# In a right-angled triangle ABC, the median drawn from the vertex of the right angle C is 4

**In a right-angled triangle ABC, the median drawn from the vertex of the right angle C is 4, and the median drawn to the larger leg is 2√7. Find the area of the triangle.**

Since CH is the median drawn from the top of the right angle, then BH = AH = CH = 4 cm, then AB = 2 * AH 2 * 4 = 8 cm.

In a right-angled triangle ABC, according to the Pythagorean theorem, BC ^ 2 = AB ^ 2 – AC ^ 2 = 64 – AC^2.

BC = √ (64 – AC ^ 2). (1).

In a right-angled triangle ACM, according to the Pythagorean theorem, CM ^ 2 = AM ^ 2 – AC ^ 2 = 28 – AC ^ 2. (2).

CM = √ (28 – AC ^ 2). (2).

Multiply equation 2 by two, then 2 * CM = 2 * √ (28 – AC ^ 2).

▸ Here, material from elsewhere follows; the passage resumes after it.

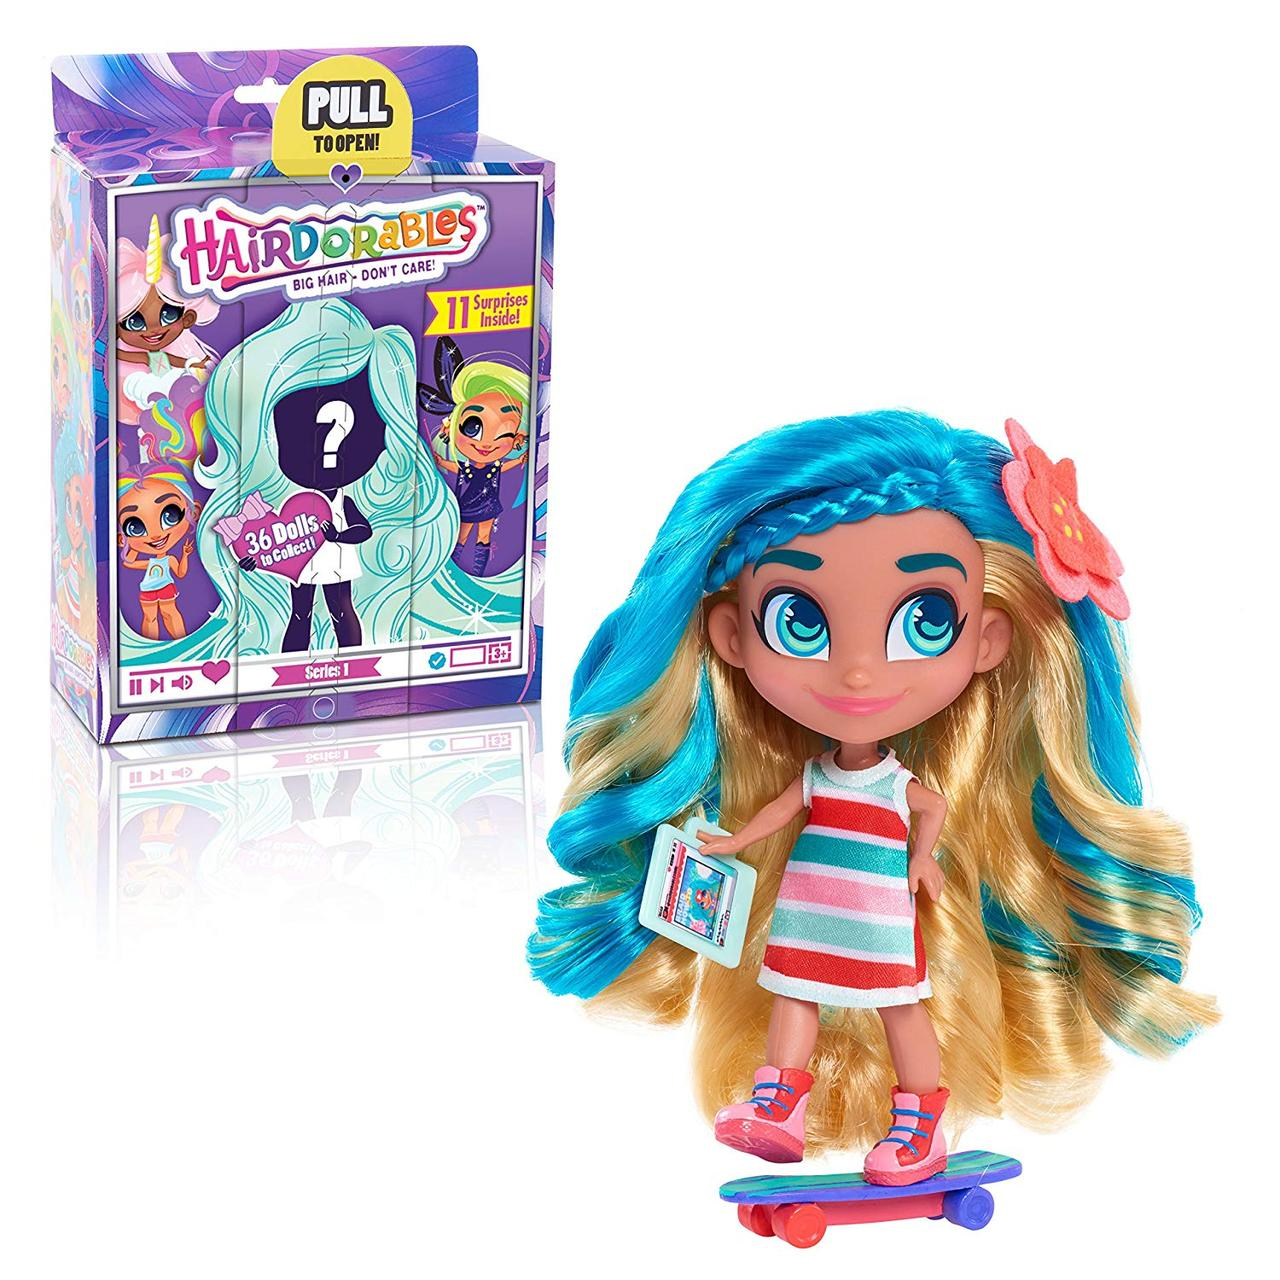 Кукла Hairdorables Collectible Surprise Dolls 1 серия лялька Хердорабалс/Хэрдораблс сюрприз оригинал
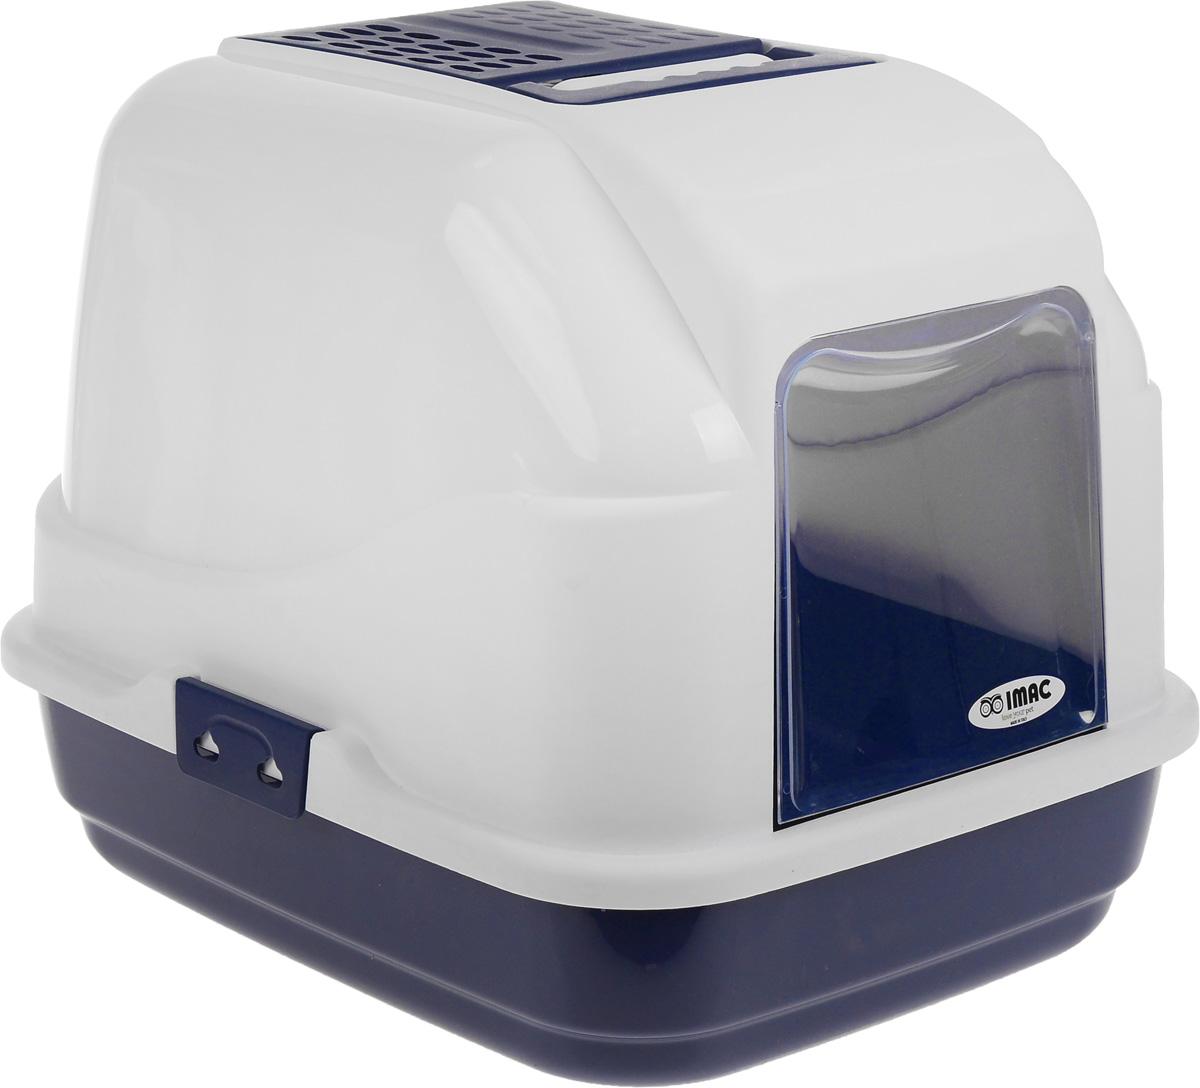 Туалет для кошек IMAC Easy Cat, закрытый, цвет: белый, синий, 50 х 40 х 40 см84094Закрытый туалет для кошек IMAC Easy Cat выполнен из высококачественного пластика. Он довольно вместительный и напоминает домик. Туалет оснащен прозрачной открывающейся дверцей, сменным угольным фильтром, совком и удобной ручкой для переноски. Такой туалет избавит ваш дом от неприятного запаха и разбросанных повсюду частичек наполнителя. Кошка в таком туалете будет чувствовать себя увереннее, ведь в этом укромном уголке ее никто не увидит. Кроме того, яркий дизайн с легкостью впишется в интерьер вашего дома. Туалет легко открывается для чистки благодаря практичным защелкам по бокам.УВАЖАЕМЫЕ КЛИЕНТЫ!Обращаем ваше внимание, что цвет синих элементов изделия может отличаться оттенком от представленного на фотографии. Поставка осуществляется в зависимости от наличия на складе.

Since AM is the median, then CM = BM = BC / 2, and BC = 2 * CM.

Then: √ (64 – AC ^ 2) = 2 * √ (28 – AC ^ 2).

64 – AC ^ 2 = 4 * (28 – AC ^ 2).

3 * AC ^ 2 = 48.

AC ^ 2 = 48/3 = 16.

AC = 4 cm.

Let’s define the BC leg. BC ^ 2 = AB ^ 2 – AC ^ 2 = 64 – 16 = 48.

BC = √48 = 4 * √3 cm.

Determine the area of the triangle ABC.

Savs = BC * AC / 2 = 4 * √3 * 4/2 = 8 * √3 cm2.

Answer: The area of the triangle is 8 * √3 cm2.